A lot of natural gas, or oil, will rush into the new fractures. A newly fracked well produces much of its energy in its first few months. But the story doesn’t end here. There’s an enormous pressure difference between the shale and the fractures. Think of opening the door of a plane at thirty thousand feet. Everything inside the cabin that is not bolted down will be sucked toward the opening, as the unequal pressures inside and outside find a balance. Something similar happens in the shale. Tiny gas and oil molecules can travel, possibly several feet, from inside the shale to the new cracks. Thus over months and years, a fracked well will continue to produce declining amounts of hydrocarbons as the molecules jump from one tiny pore space to the next, and likely through the rock itself, in a slow journey to the well.

Still, a single well drains oil and gas only from a few hundred feet around the hole. That’s why the industry places wells close to one another, or else they will leave valuable hydrocarbons behind. This is not Burkburnett’s haphazard, wasteful, a-derrick-every-fifty-feet approach, but it can still leave a county pockmarked. Researchers are searching for new ways to create bigger fracture networks. Today’s fracking is like the tiny crack created by a pebble kicked up by a tire hitting the windshield of a car. Engineers are looking for ways to hit the windshield with a hammer, smashing it into a mad spider’s web of fractures.

In the early years of the fracking juggernaut, the industry barreled ahead, eager to capitalize on this newfound resource. In its wake, it generated concerns and some real problems for people who lived near wells and for the environment. It would take years for these problems to be identified. Citizens, regulators, and some parts of the industry are hard at work trying to find fixes.

Fracking injects a large amount of water, and much of that water is put down a well, never to return. Less well understood is that the sheer volume of water that comes back out of wells means that contaminated water, not oil and gas, is the industry’s largest product.

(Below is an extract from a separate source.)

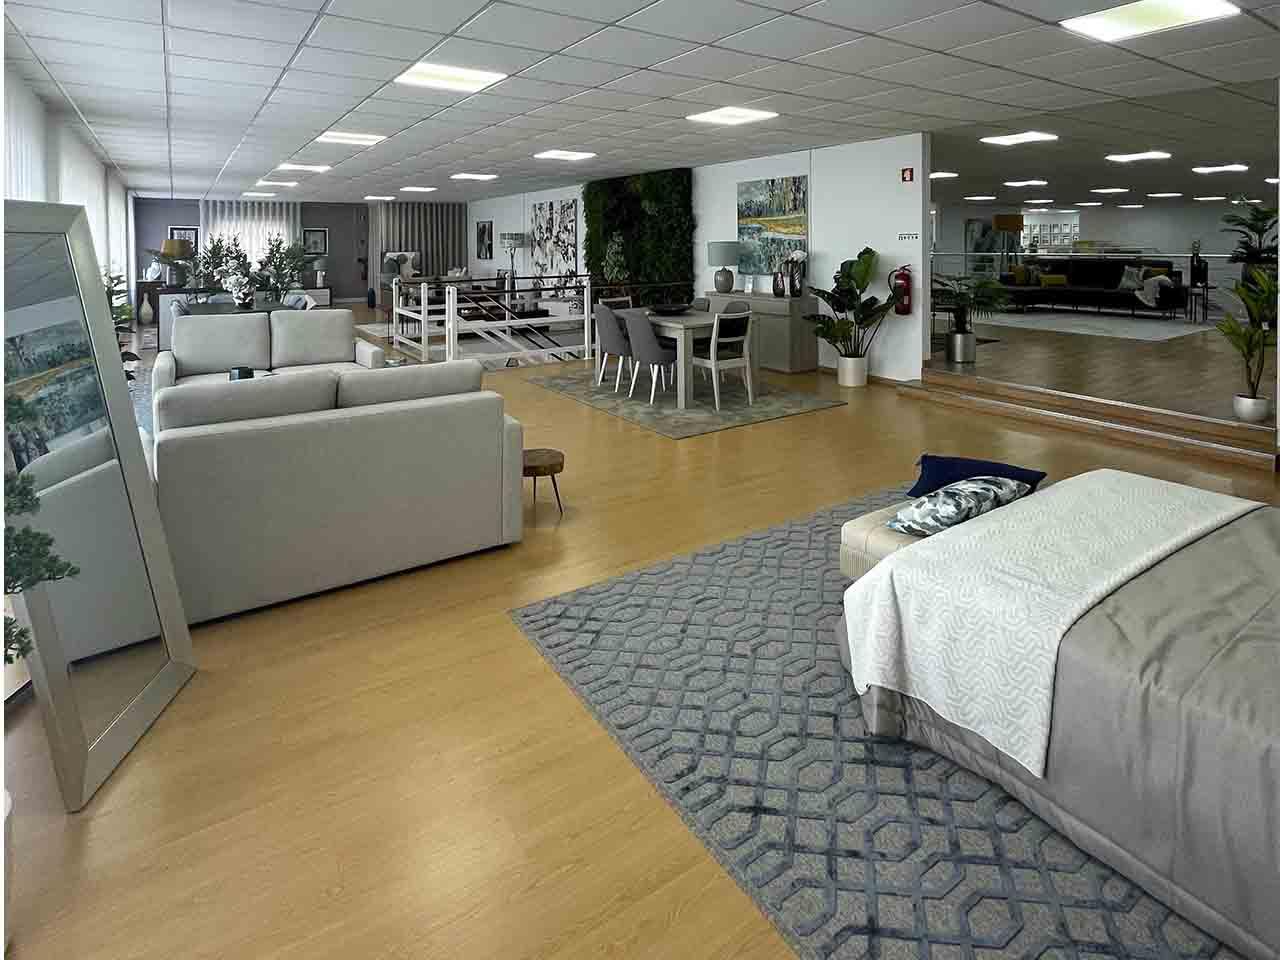 lisiarte-cortinados-camas-sofas-decoração-interiores-caldasdarainha-oeste-sãomartinho-bomsucesso-lisboa-praiadelrey

What flows out needs extensive treatment before it can be reused in another frack job, much less released back into nature. Initially, some of this water was sent to public wastewater treatment facilities, which weren’t equipped to handle it, and then discharged into rivers. Pennsylvania, where this problem was particularly acute, instituted a voluntary moratorium for municipal plants. Problem solved, until several private wastewater treatment facilities sprang up to take the waste, setting off a game of regulatory whack-a-mole. Some of these facilities are excellent operators, others less so. A study in Western Pennsylvania found one private facility was releasing a large amount of salt and radium. Levels of the radioactive element did not exceed government standards, but radium was building up in some sediment near the plant’s discharge pipes. Some of the returned water, instead of being cleaned up in a sewage plant, was simply injected into deep disposal wells, where it fills up underground reservoirs in the hope that it will never be seen again. Recycling frack water has been on the rise for several years, but is far from universally embraced.

These disposal wells, even overlooking the inherent problem of taking drinkable water and sending it into permanent exile, can lubricate existing faults and cause earthquakes. “Man-made seismicity” and “induced seismicity” are the polite terms for this phenomenon. While the tremors aren’t large, they are nonetheless unsettling for longtime residents of Dallas and Columbus, Ohio, who are growing accustomed to feeling small rumbles under their feet.

Getting the fresh water to a well requires considerable truck traffic. For the Matt 2H on my parents’ property, about 350 trucks delivered water from the Susquehanna River, which is thirty miles away. Another 75 trucks traveled sixty miles from Tunkhannock Creek, and 10 trucks from nearby towns. More trucks hauled in a small factory of equipment needed to drill and fracture the well.